Derive an equation for moving string.
Answers
Let's apply Newton's second law in the vertical y direction:
Fy = may.
The sum of forces in the y direction is
Fy = T sin θ2 − T sin θ1.
Using the small angle approximation, sin θ ≅ tan θ = ∂y/∂x. So we may write:
F = T(dy/dx)_2 - T (dy/dx)_1
So the total force depends on the difference in slope between the two ends: if the string were straight, no matter what its slope, the two forces would add up to zero. Now let's get quantitative.
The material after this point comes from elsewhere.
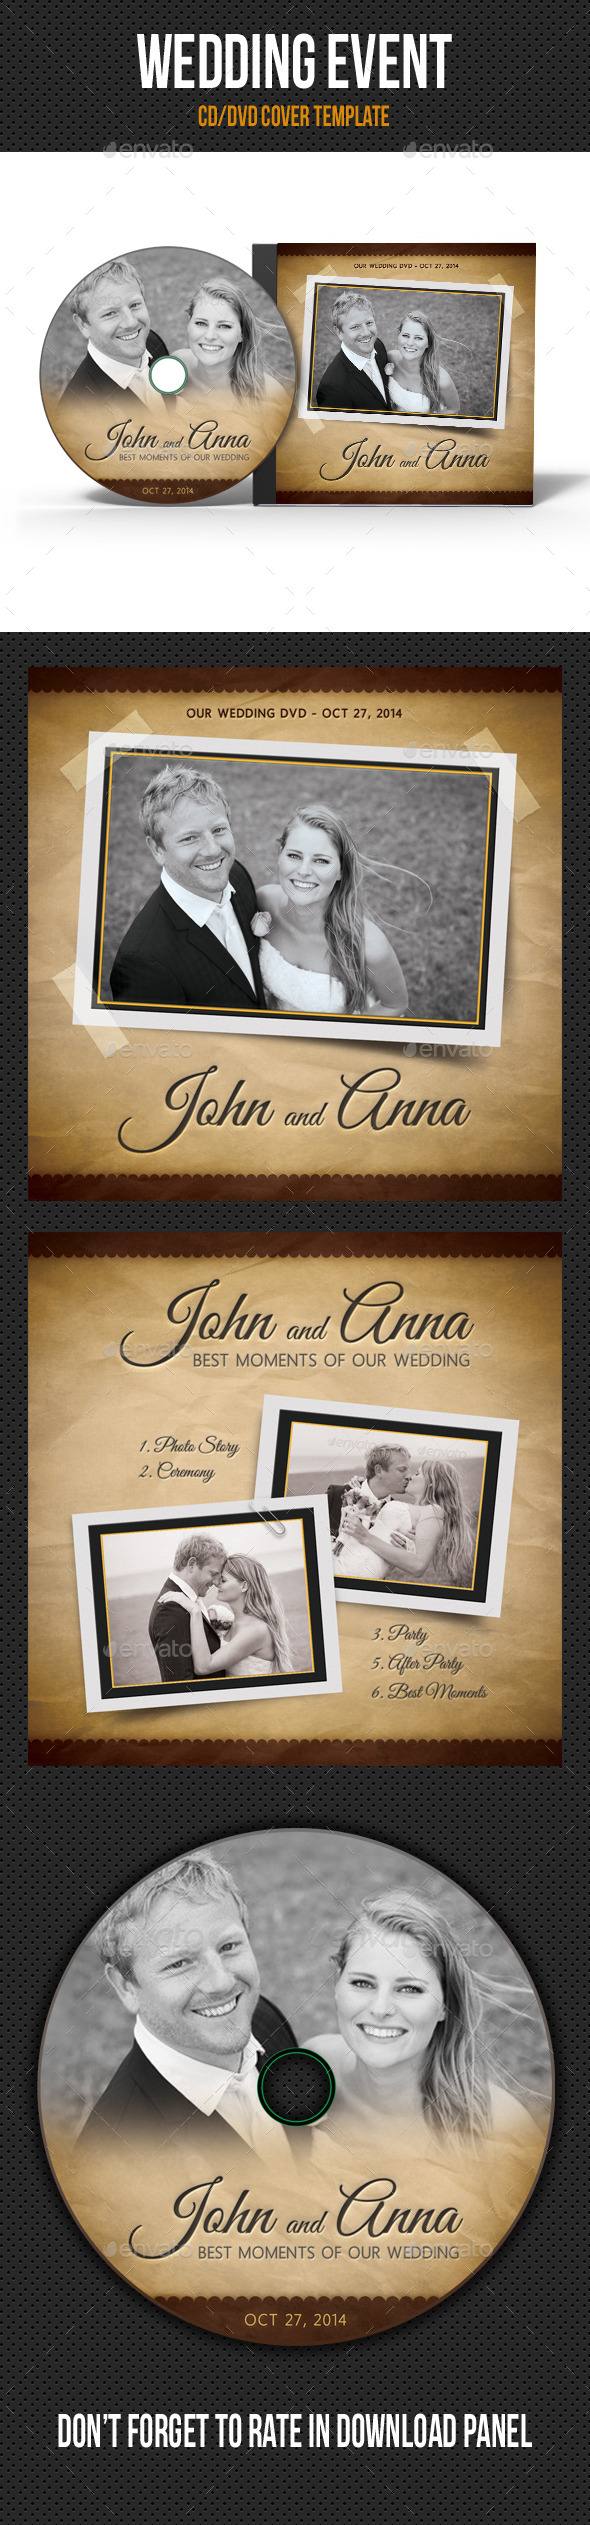 Retro Wedding Event CD Cover V03 - CD & DVD Artwork Print Templates

The mass per unit length is μ, so its mass dm = μdx. The acceleration in the y direction is the rate of change in the y velocity, so ay = ∂vy/∂t = ∂y2/∂t2. So we can write Newton’s second law in the y direction as
F = T((dy/dx)_2 - (dy/dx)_1) = mu dx d^2y/dt^2
Rearranging this gives
d^2y/dt^2 = (T/mu)((dy/dx)_2 - (dy/dx)_1)/ dx
Now we have been using the subscript 1 to identify the position x, and 2 to identify the position (x+dx). So the numerator in the last term on the right is difference between the (first) derivatives at these two points. When we divide it by dx, we get the rate of change of the first derivative with respect to x, which is, by definition, the second derivative, so we have derived the wave equation:
d^2y/dt^2 = (T/mu)d^2y/dx^2)